SOLD. “The Human Cigarette Factory” Carte de Visite
Authentic Coney Island Carte de Visite / Printed Photograph of “The Human Cigarette Factory”, These cards were sold by the subject in the photo, as a means to make a living, when so called ‘Freak Shows’ still existed on Coney Island, USA. Measures 4 x 6 inches.
$100.
Born in Barnesville, Georgia, on November 2, 1926, Otis Jordan was halfway between a human torso and an ossified man. He suffered from arthrogryposis multiplex congenita (AMC), a rare birth defect which causes permanent flexion of the joints. This deformity of his arms and legs left young Otis more or less helpless – at least physically. What he lacked in mobility he made up for in brains, and from an early age he understood the importance of getting an education. One of his six normal siblings was charged with carrying the handicapped boy to and from school each day. When he was in the fifth grade, however, Otis sought to alleviate this burden on his family by devising his own means of transportation. He designed a cart to be pulled by the family goat. From day one Otis’ parents were supportive of their disabled son and taught him never to give up on doing the things he wanted to do. With his father’s help, Otis was able to realize his goat cart design within a month. He finished school with honors and later obtained a degree by correspondence.

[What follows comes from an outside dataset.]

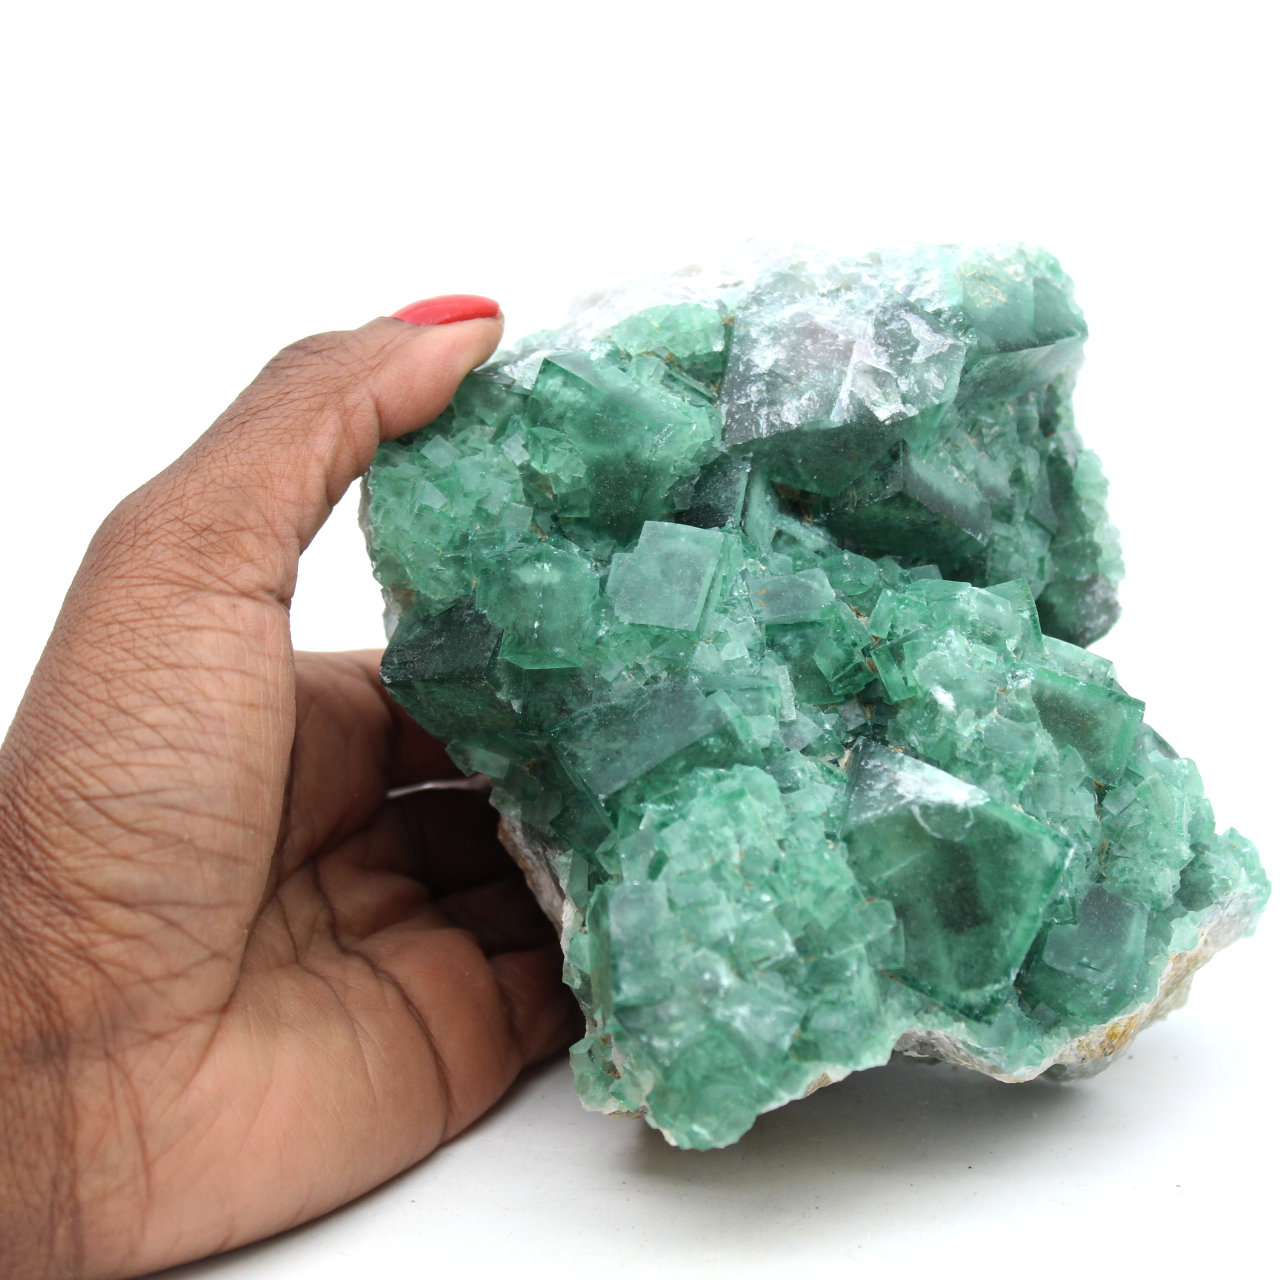 Crystallized natural green fluorite 1.5 kilo
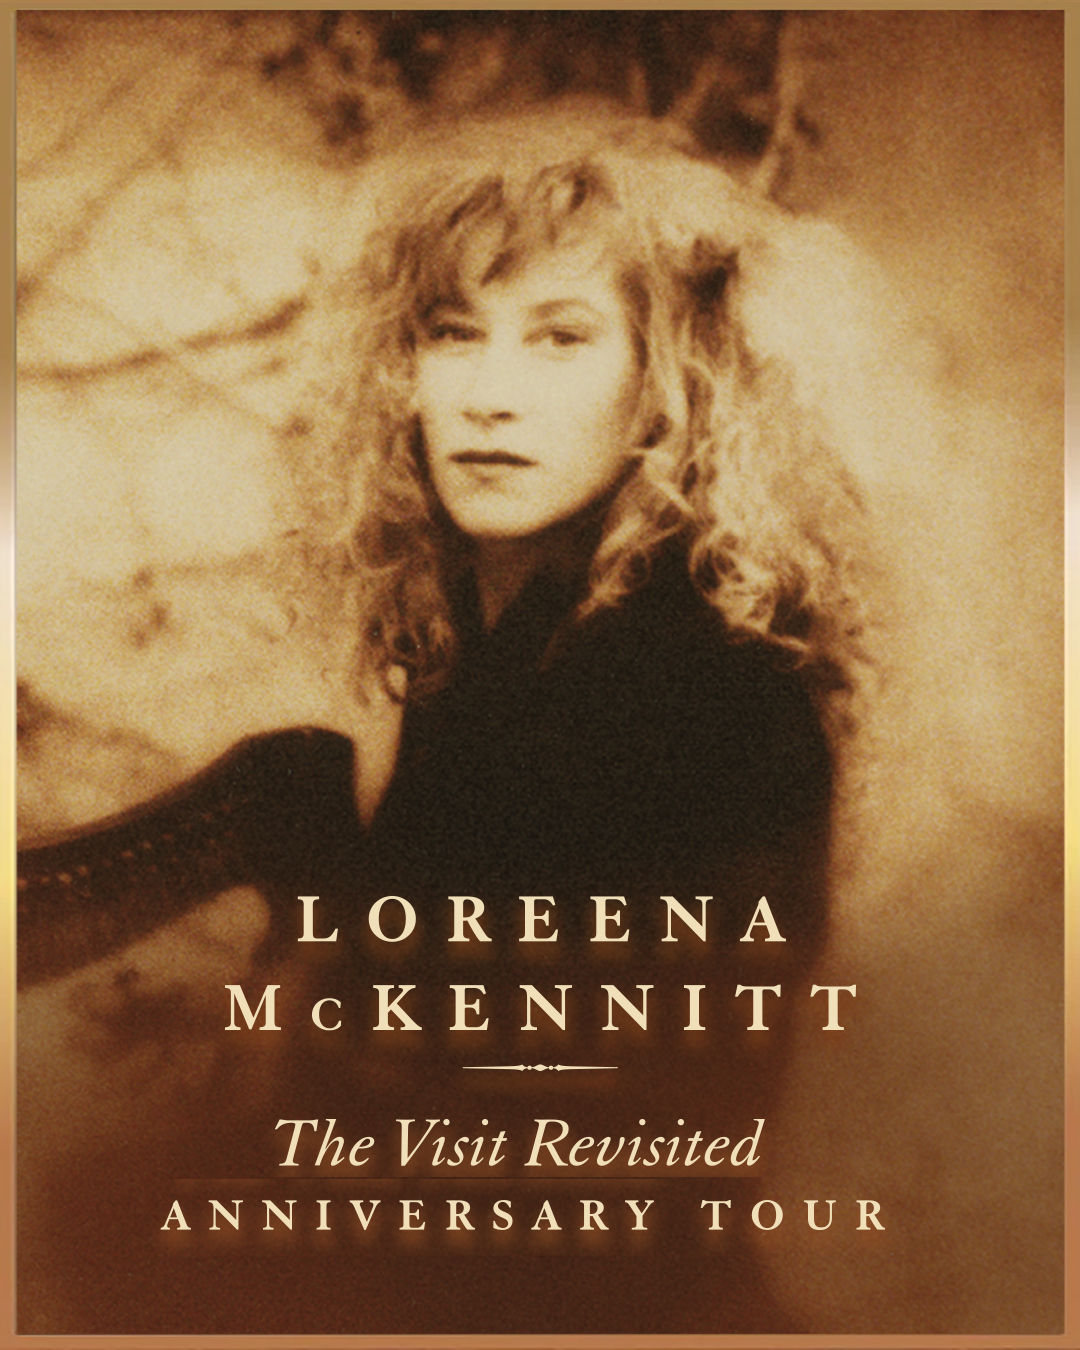 Loreena McKennitt The Visit Revisited Tour

Though no longer dependent on others to get around, Otis was still unable to make a living on his own. He tried selling pencils, and later newspapers, from his goat cart, but neither of these businesses generated enough income. Then, in 1963, when Otis and a friend went to the freak show at a local fair, Otis decided to pay a visit to showman Dick Burnett. He had become quite prolific at using his mouth and two normal fingers to perform tasks, eventually becoming a skilled appliance repairman. But it was his ability to roll and light a cigarette using only his mouth that sold Burnett on Otis as a performer.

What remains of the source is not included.